Он и не догадывается, какое удовольствие доставил мне своей последней репликой! Прямо, как говорится, «на лапу мне пошел»!

— Это кто же такое еще мне за учение платить будет? — недоверчиво настораживается возница.

Кратко рассказываю ему: есть такой декрет советской власти. «Декрет, понимаешь? Закон!» Всех безграмотных во всей России обучать! Дать каждому безграмотному — бесплатно, все как есть бесплатно, — и учителя, и книжку, и тетрадь, и чем писать, карандаш или перо. И самое главное — сократить ему рабочий день на одну четверть: шесть часов работы и два часа ученья. А платить ему, как за полный день: за часы ученья, как за рабочие часы. Вот как!

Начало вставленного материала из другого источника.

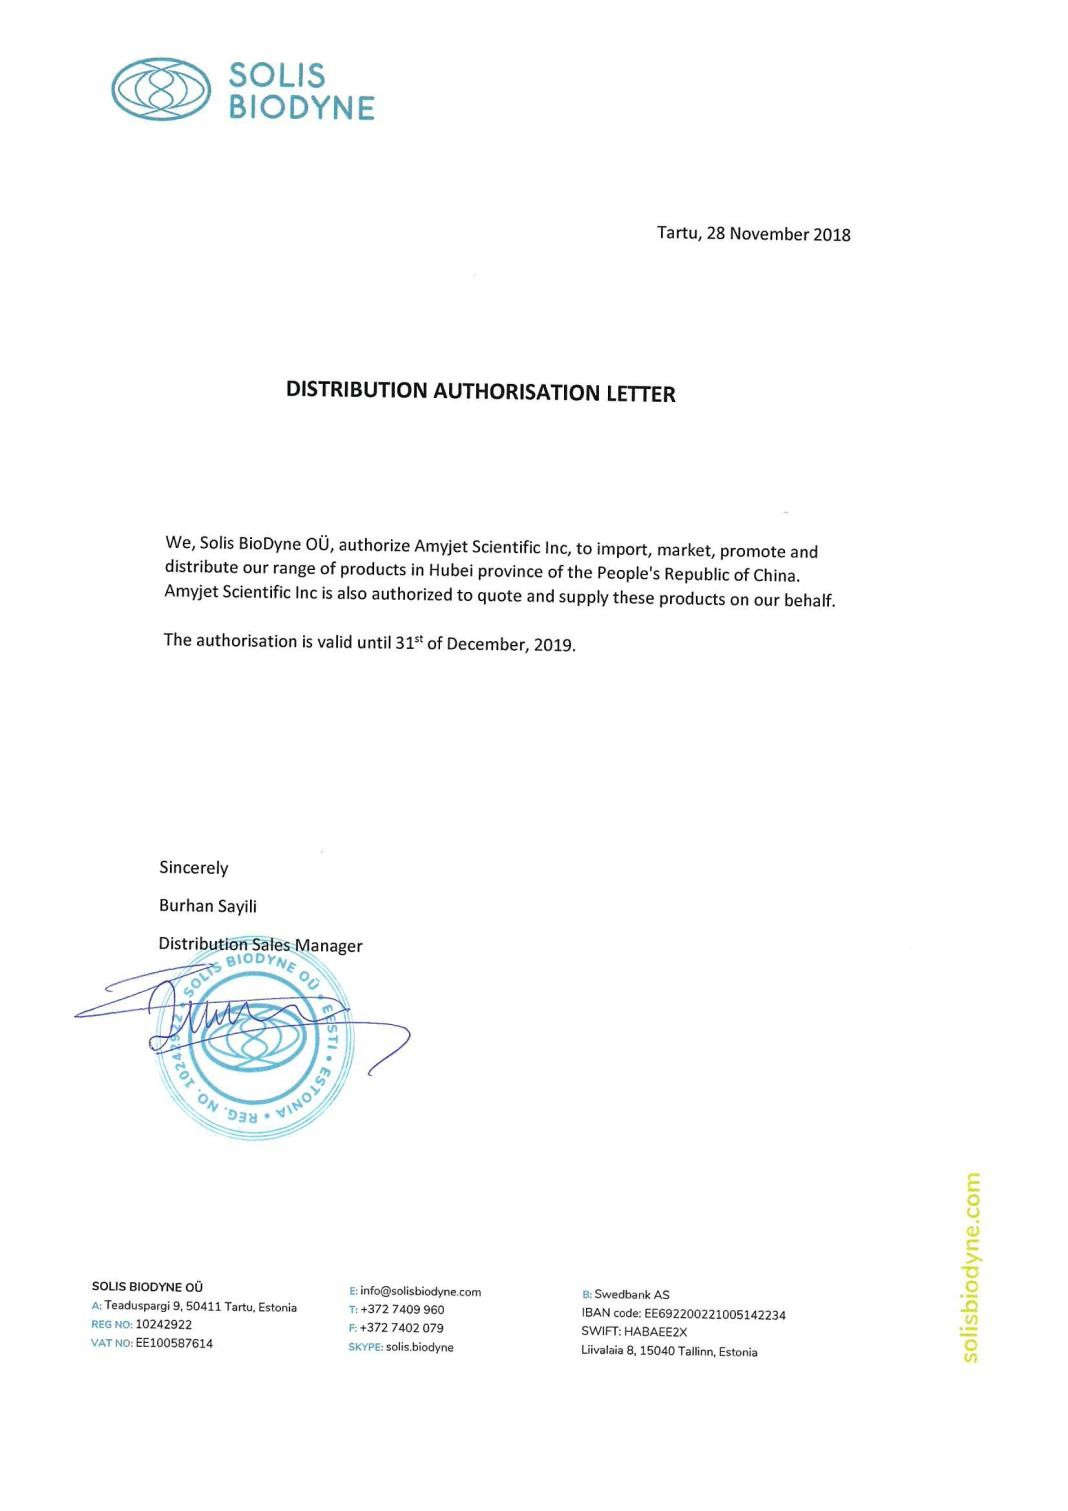 Solis BioDyne代理艾美捷科技有限公司授权书

Помолчав, возница опрашивает:

— Сколько, говоришь, безграмотных у нас, сто миллионов? Ух, ты! Это ж им, большакам-то, в какую копеечку встанет! Мильон мильонов, не меньше!.. Ах, так вас, так, так и так!

Отмечаю про себя, что это последнее матерное ругательство прозвучало словно бы мягче, доброжелательнее, чем прежние…

Но это, оказывается, с моей стороны скороспелый диагноз! Потому что вслед за «доброжелательной» матерщиной мой возница неожиданно заявляет:

— Не пойду я в твою школу. И не зови.

— А я тебя и не зову! И идти тебе никуда не надо: школа сама к тебе придет.

— Это как же «сама»?

— А так, что школы по месту работы открывают.

— По месту рабо-о-оты? У меня на работе никакой школы нету.

— Ну, нынче нет, завтра будет. Всего, сам понимаешь, сразу не успеть… Будет у вас школа, будет!

— А мне и ни к чему! — бросает он небрежно. — Будет, не будет, мне что? Один пес…

После этого возница замолкает надолго. Молчит упорно. Я не прерываю молчания, не пристаю к своему собеседнику. Пусть сам думает.

— А для чего ему это нужно? — неожиданно спрашивает он. — Большаку то есть. Для чего ему эта грамотность вдруг занадобилась?

Но в моем объяснении я, видимо, что-то испортила! То ли пересолила я в противопоставлении грамотных неграмотным, перехвалила первых или слишком унизила вторых, но возница мрачнеет и больше ничего не говорит. Только спускаясь с Литейного моста, когда розвальни вдруг съезжают на раскате так круто, что я чуть не вываливаюсь в снег, возница, словно желая взять реванш, отчеканивает с оттенком мрачной иронии:

— Вот ты говоришь: грамотные — то, грамотные — сё, пято, десято… А приставь-ка тебя к моему делу — грамотную с пинснеем на носу, — как ты лошадь запряжешь? Хомут небось на хвост нацепишь! Вот как!

На углу Литейного и Шпалерной прошу возницу остановиться: мне слезать. Благодарю его за то, что подвез, даю измятую бумажку — «дензнак». Он равнодушно сует «дензнак» за пазуху.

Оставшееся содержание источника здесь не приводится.